4. Clean Up The“People In Your Life” List

They say you are the 5 people you hang around most. So take a good look. Are you surrounding yourself with people that lift you up and make you want to be better? Or are you surrounded with people you feel an obligation to? Fact: the only person you owe anything to is yourself. This is your life. You get to decide how you want it to be. There’s no such thing as a ‘small’ action. Everything you allow and don’t, effects your world. So if ‘Debbie’ always puts you down or just has to give you the negative side of everything you say and do, it’s ok to cut her out. So you’ve known her for 10+ years, so what? People out grow people and situations all the time. It’s a part of life. And it just might be a part of like that’s holding you back! Be thankful for the lessons and grateful for the opportunity to move on.
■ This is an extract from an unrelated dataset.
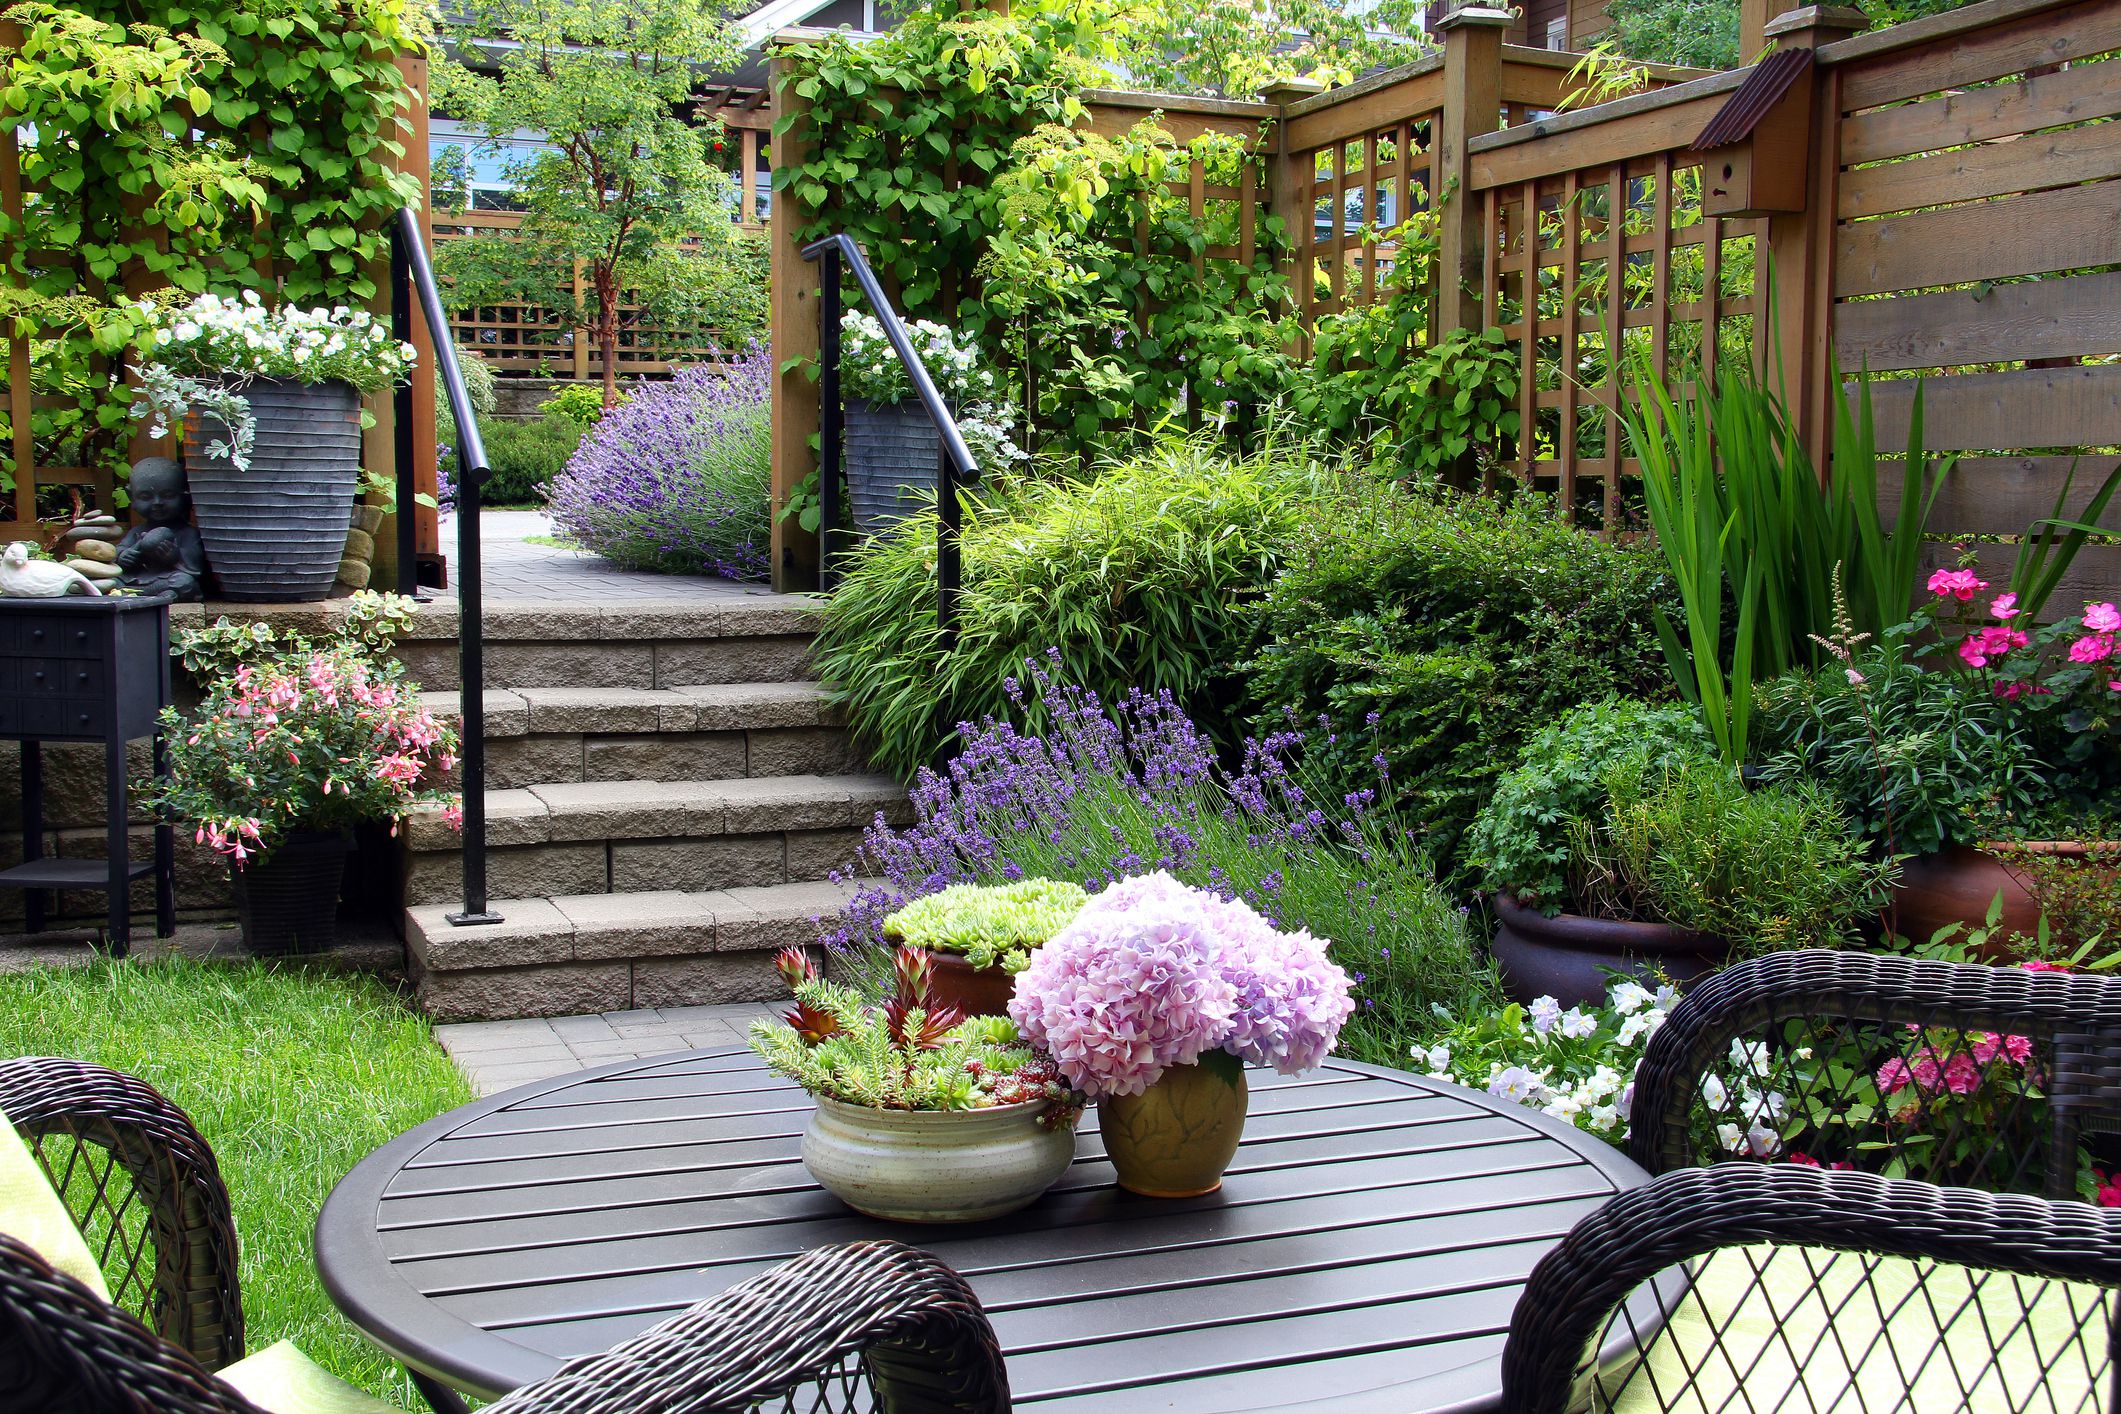 How To Make The Most Of A Small Garden

5. This Is A Big One. Speak Your Truth:

No matter what it is. No matter what you were taught growing up. You are an adult now. You have experience, insight and intimate knowledge about the things that feel like home to you or feel like razor blades run on raw skin. If you don’t want to follow that certain way of thinking, don’t. If you can’t stand the way someone in your circle belittles others, then speak up and cleanse your inner circle. If you don’t really like that ‘help’ someone always tried to give, say no thank you. Whatever you believe, feel, who you Love, who you are and who you want to be, all are ok! Don’t be ‘fluffy and agreeable’ just to win friends. Because you’ll lose them anyway when the real you shows up. And you’ll still feel lonely in a crowded room. Speak and live your truth, and your tribe will come. We all have a truth. What’s yours?

My final advice is this. Forgiveness. Forgive yourself for mistakes you’ve made, are making and will make. You’re human and mistakes come with the territory. When you know better, do better. I See You ~ Trelawnie Gartner

Trelawnie Gartner is from Alberta, Canada. She is a Reiki Master and Empowerment Coach, healer of moments, a catalyst, energy shifter and truth teller. As a fixer of other women’s crowns she encourages all souls and offers advice and guidance with knowledge gained through courses, books and life experiences.